In so many places, the school is the hub of civic life. Inside its walls, and around its grounds, are scattered the ideas and people and places that every day state the unspoken: When we talk of being American, this is what we mean.
It is for this reason that the excruciating saga of Newtown, Conn., has shaken the nation in a second way that is distinct from, yet of course related to, the actual death of so many young children.
Twenty-six lives ending so violently, so horrifyingly, is of course disruptive enough. But this event also disrupted the fundamental notion of what American community is. "Hurt a school and you hurt us all," The Chicago Tribune editorialized this week.
Americans have long had an unspoken social compact that says, hey — we build our lives around our schools because they're the bedrock of a society that makes sense. Without the sense of a strong school system — and, by extension, a safe school system — the whole grid buckles. Schools, where you pledge allegiance to the flag and gaze upon portraits of George Washington, have formed on a local level the civic contours of who we are as a nation.
"It's the place where you prepare to achieve the American dream — being president one day, going to outer space as an astronaut," says El Brown, a former teacher and the mother of a kindergartner in Fairfax, Va. "Classrooms are supposed to be where we build our tomorrows."
Schools are the field in which we farm our future. And when someone turfs that field so violently, leaving such chaos behind, it represents even more than the ugly notion of children dying violently. It feels, in some very visceral ways, like an act of war.
In remarks from the president on down during these jumbled days, the message comes through even when it's not said directly: In killing the children of Sandy Hook, Adam Lanza effectively attacked the American nest. He went after not only our young but two other precious commodities — our sense of what we might become, and the stories we tell about who we are.
Not surprising, then, that many people used language like that of Richard Cantlupe, an American history teacher at Westglades Middle School in Parkland, Fla.: He called Newtown "our 9/11 for schoolteachers."
The archetype of the American elementary school representing the idealized best in us is less potent than it used to be — or maybe ever was, "Leave It To Beaver" notwithstanding.
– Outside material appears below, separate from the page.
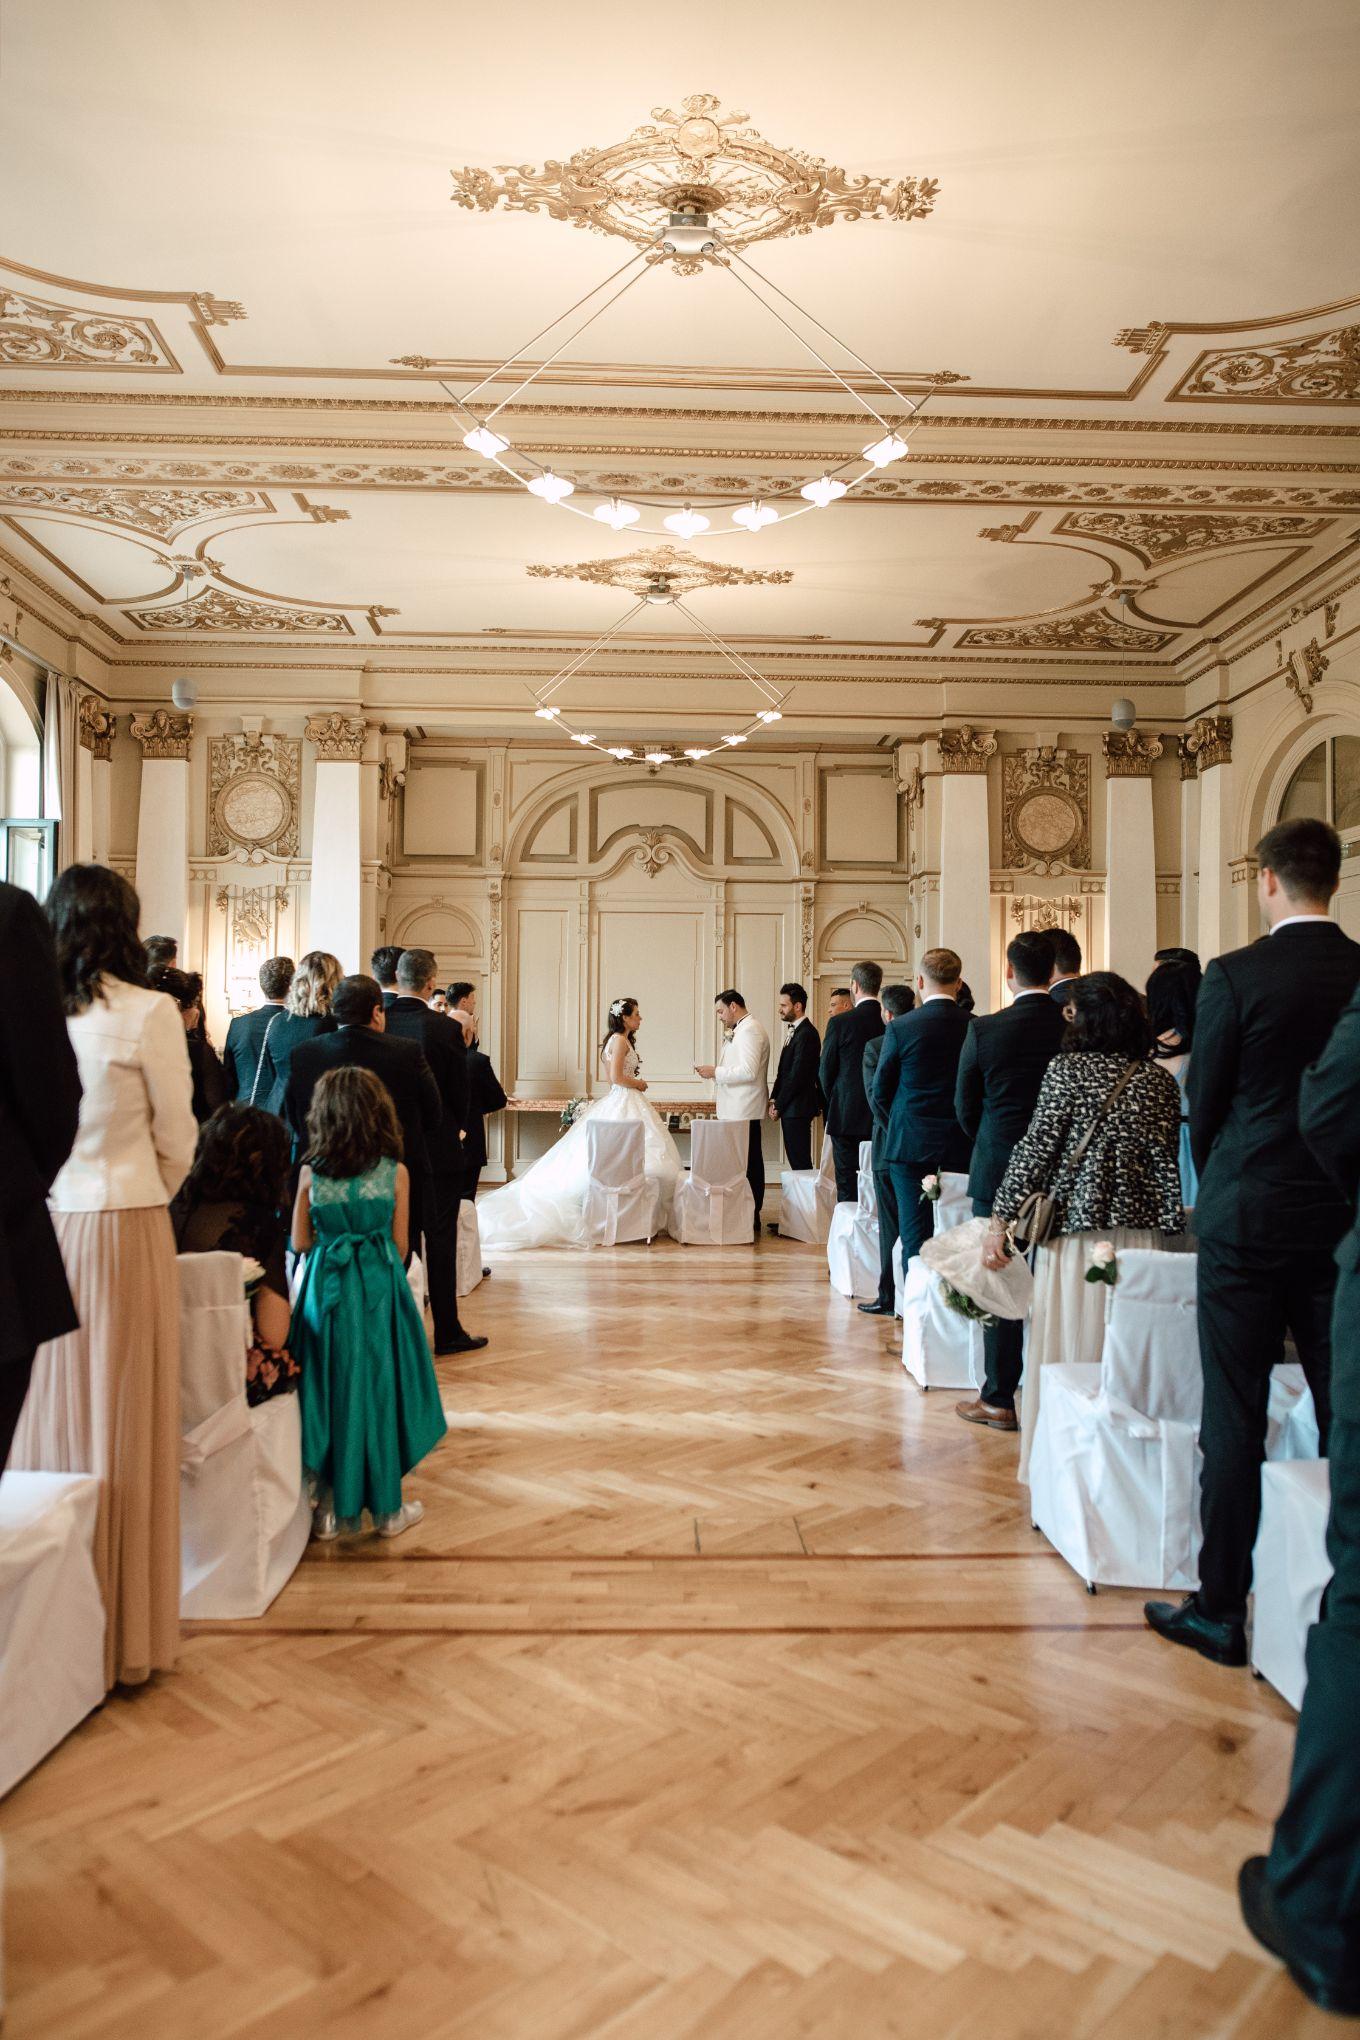 Hochzeit-Historische-Stadthalle-Wuppertal-The-Saums-KN-28.jpg

At the very least, it's under stress in the way that so many longstanding American institutions are.
Everything from population shifts to wrenching technological change have imbued the idea of "school" with a more elastic meaning. Home schooling numbers are rising and, judging from the conversations since Friday's attack, may well rise even more.
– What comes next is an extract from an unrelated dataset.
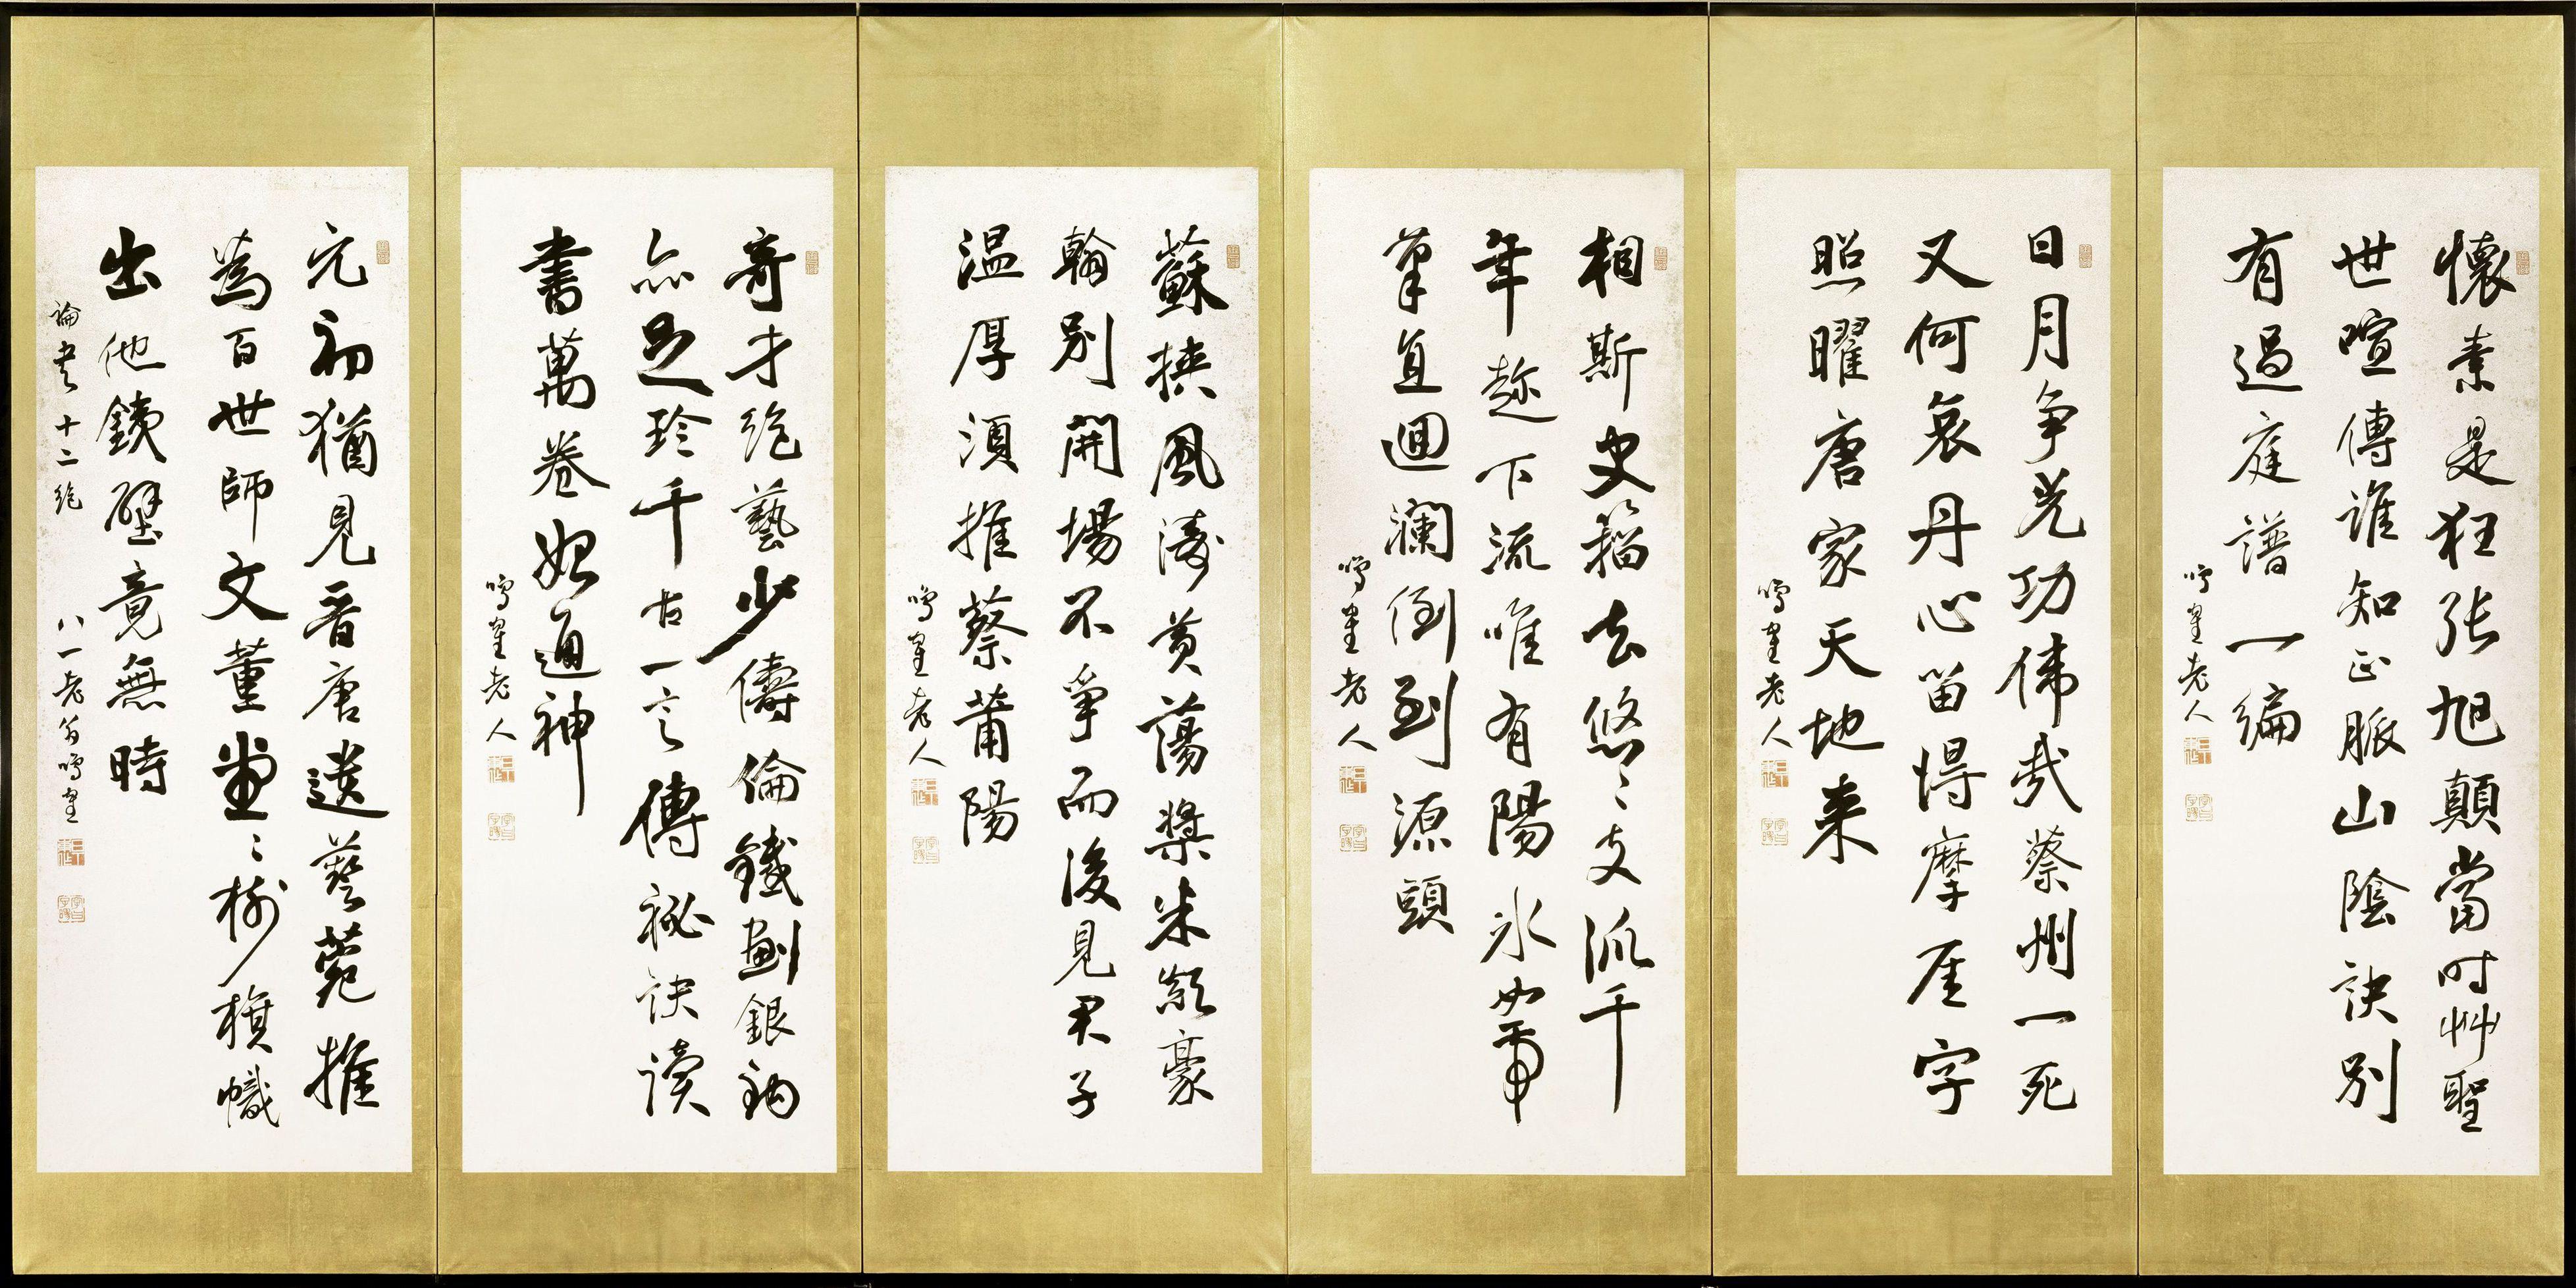 La lingua giapponese utilizza una vasta gamma di suffissi onorifici per riferirsi alle persone, per.

There's the issue of trust, too: In our divided society, schooling is as deeply politicized as anything else. Ask an active member of a teachers' union and a fiscal conservative what public school means in America and you could get entirely different answers. And when we look to our insecurities about national direction and pride, what do we turn to but education metaphors? The "science gap." The "math gap."
But below that surface, the roots of elementary education as an omnibus civic good in American life run very deep, which helps explain why the post-Newtown trauma feels equally so.
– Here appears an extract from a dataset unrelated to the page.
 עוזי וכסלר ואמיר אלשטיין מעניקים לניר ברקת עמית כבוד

"We have our greatest hope. And it lives in the school," says Carolyn Mears, author and editor of an anthology entitled "Reclaiming School in the Aftermath of Trauma." Her son was a sophomore at Columbine High School during the 1999 shootings, and the path she followed after that day led her to her current job as a professor of education at the University of Denver.
In "Small Wonder: The Little Red Schoolhouse in History and Memory," Jonathan Zimmerman asserts that the romantic imagery of one-room schools is an emblem of America right up "alongside the flag, eagle and Uncle Sam in the American patriotic pantheon." The notion of the elementary school itself, he said this week, still serves the same purpose — these schools contain not only our young but the story of us.
"They've been this force in defining who we are," he says. "They were really the first public building in most American communities. Not just a place where kids went to school but where citizens gathered for public purposes — weddings, funerals, religious worship, voting. There was no other place. The school was our place."
Echoes of that sentiment remain, even though the world today is so, so different. Even as the details and execution of American elementary education divide us, the potent democratic vision of safe, universal public education still unites us.
And when people mourn the fallen young and educators of Newtown — as they did at Columbine, at Virginia Tech, at Jonesboro, at the Amish school in Nickel Mines, Pa. — they are mourning, too, another notion: that one more American institution has been, through someone's ugliness, forever sullied.
When Mears talked to people involved in previous school violence about what helped them recover, she found one very common theme: "that essence of community — the future, society, how we relate one to another."
"That sense of location, sense of place, is profound," she says. "And when that is torn away, when we find that we're not living where we thought we lived, that this world is different, that the future is not what we thought it would be? Well, you have to rebuild it all."
We like to call such a feeling a "loss of innocence" — and, in the past five days, the country has spoken of that often. But given the school's place in the national imagination, isn't it more the wounding of an ideal, of a possibility, of the promise of a bright future? And that, to Americans, is painful stuff indeed.